Mar 20 23:05:53 ronin systemd-udevd[4164]: dm-12: Running command "/run/current-system/systemd/bin/systemd-run -r --no-block --property DefaultDependencies=no --unit lvm-activate-ThunderbayCacheVolumeGroup lvm vgchange -aay --nohints ThunderbayCacheVolumeGroup"
Mar 20 23:05:53 ronin systemd-udevd[4164]: dm-12: Starting '/run/current-system/systemd/bin/systemd-run -r --no-block --property DefaultDependencies=no --unit lvm-activate-ThunderbayCacheVolumeGroup lvm vgchange -aay --nohints ThunderbayCacheVolumeGroup'
Mar 20 23:05:53 ronin systemd-udevd[4164]: Successfully forked off '(spawn)' as PID 4245.
Mar 20 23:05:53 ronin systemd-udevd[4164]: dm-12: '/run/current-system/systemd/bin/systemd-run -r --no-block --property DefaultDependencies=no --unit lvm-activate-ThunderbayCacheVolumeGroup lvm vgchange -aay --nohints ThunderbayCacheVolumeGroup'(err) 'Failed to find executable lvm: No such file or directory'
Mar 20 23:05:53 ronin systemd-udevd[4164]: dm-12: Process '/run/current-system/systemd/bin/systemd-run -r --no-block --property DefaultDependencies=no --unit lvm-activate-ThunderbayCacheVolumeGroup lvm vgchange -aay --nohints ThunderbayCacheVolumeGroup' failed with exit code 1.
Mar 20 23:05:53 ronin systemd-udevd[4164]: dm-12: Command "/run/current-system/systemd/bin/systemd-run -r --no-block --property DefaultDependencies=no --unit lvm-activate-ThunderbayCacheVolumeGroup lvm vgchange -aay --nohints ThunderbayCacheVolumeGroup" returned 1 (error), ignoring.

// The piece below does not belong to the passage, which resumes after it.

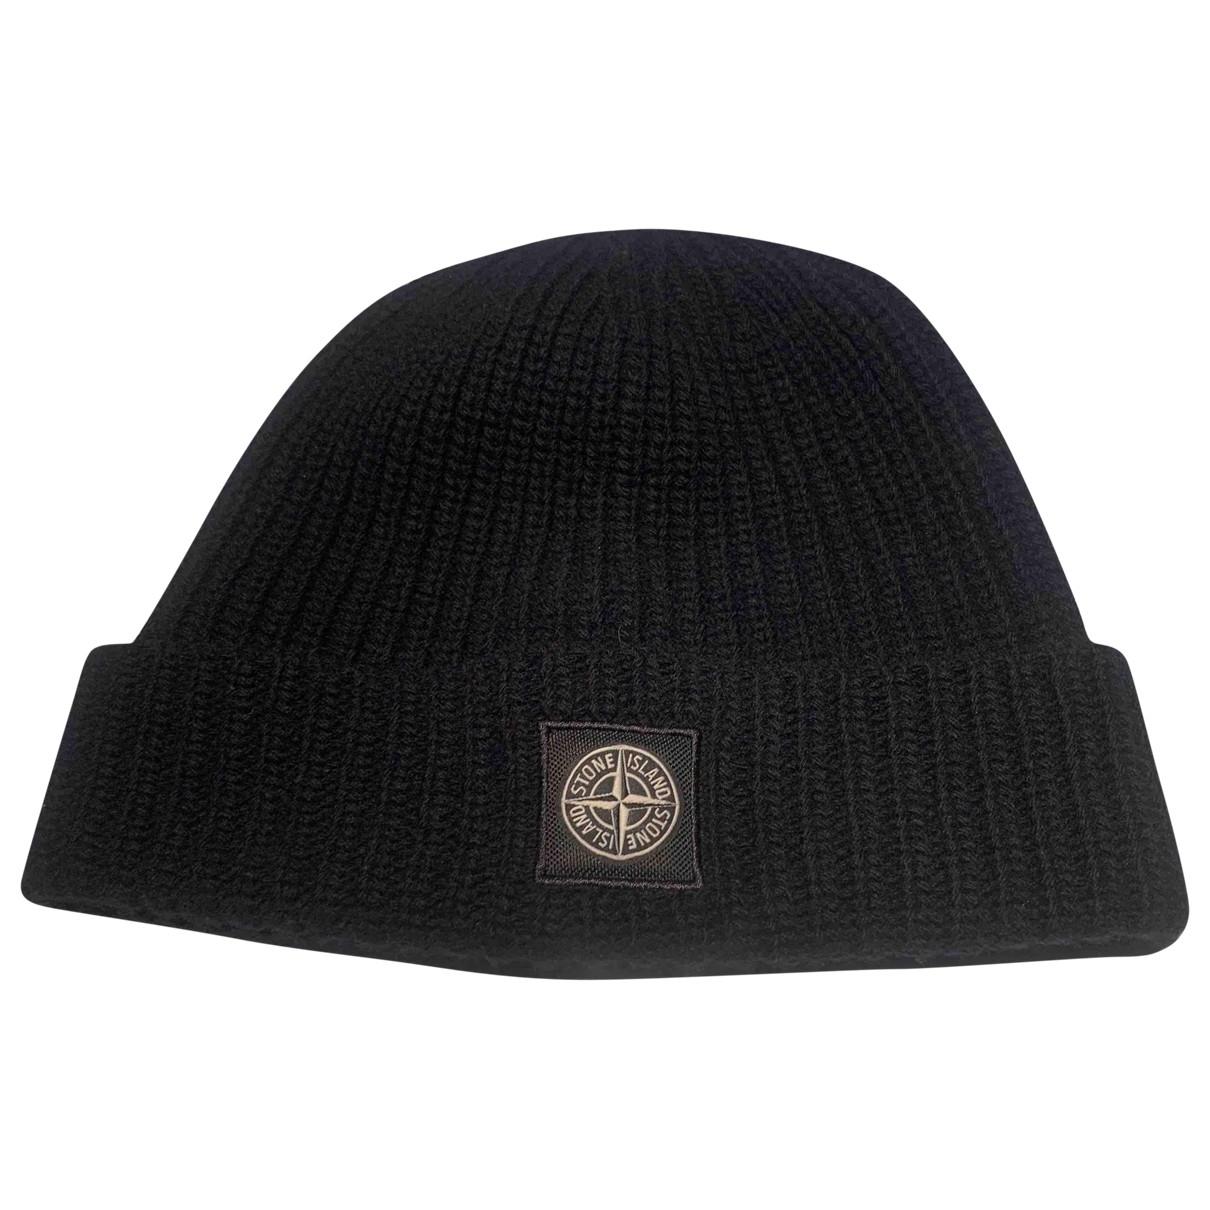 Stone Island - Chapeau & Bonnets   pour homme en laine - noir

As you can see, udev fails to activate the volume group because the lvm seems to be missing – I can however call vgchange without problems from the rescue shell, so it might not be as simple as the binary not being available.

If it helps, the machine disk layout is as follow:

Where LVM comes into play here is that the slog/L2ARC SSD is partitioned via LVM into three devices 2 for mirrored slogs and 1 for L2ARC (let's disregard whether it's a smart thing to do, I have done it mostly to learn how to set it up and had only one SSD to spare). This setup has worked without a hitch for a while, but has started breaking from some time.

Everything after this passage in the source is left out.